- Genre: Mythology Fantasy Romance
- Based on: Legend of the White Snake
- Written by: Han Peizhen Liu Ya Li Zhenru
- Directed by: Yi Tao Liu Guohui
- Starring: Yang Zi Ren Jialun Mao Zijun Li Man
- Country of origin: China
- Original language: Mandarin
- No. of seasons: 1
- No. of episodes: 60

Production
- Production location: Hengdian World Studios
- Running time: 45 mins
- Production companies: H&R Century Pictures Innovation Media Power Shanghai New Culture

Original release
- Network: iQiyi
- Release: July 9, 2018

= The Destiny of White Snake =

The Destiny of White Snake (天乩之白蛇传说) is a 2018 Chinese television series loosely based on the Chinese ancient folk legend Legend of the White Snake. It stars Yang Zi, Ren Jialun, Mao Zijun and Li Man.
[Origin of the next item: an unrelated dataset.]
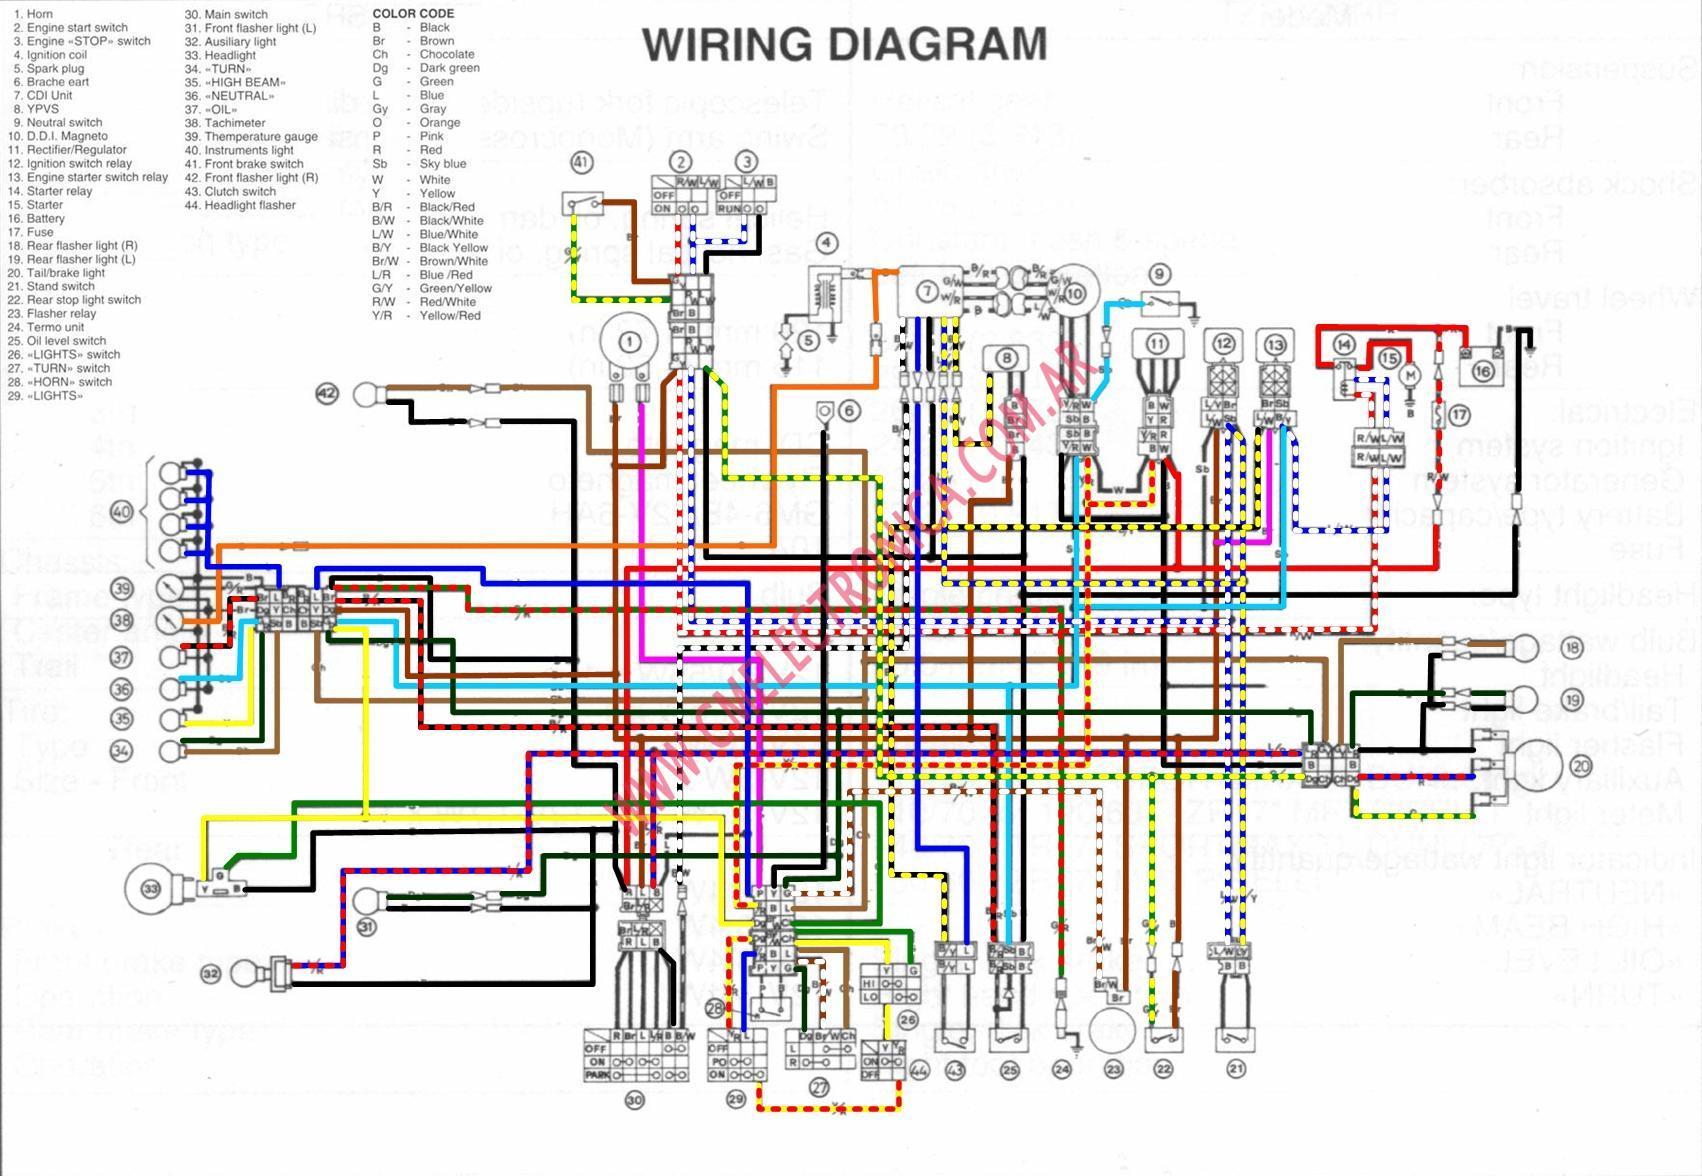 Yamaha Dt 125 X Wiring Diagram

The series airs on iQiyi from July 9, 2018.

==Synopsis==
Zi Xuan is the disciple of the Green Emperor and he specializes in medicine and is cultivating to become a deity. He meets a young white snake, whom he nicknamed Xiao Bai, and kept as a pet. Over the course of time, Xiao Bai gathered enough cultivation to transform into a teenage human girl, and she eventually grows closer to Zi Xuan and developed a strong romance with him. While trying to find a herb that would save Zi Xuan's life after he is injured, she accidentally breaks a heavenly seal at the elixir chamber of Mount Jiuxi and releases an ancient beast, the black water dragon, from thousand years of imprisonment on the human world. To save the world, Zi Xuan sacrifices himself and disintegrates, but before he fades, he gives Xiao Bai a proper name: Bai Yaoyao.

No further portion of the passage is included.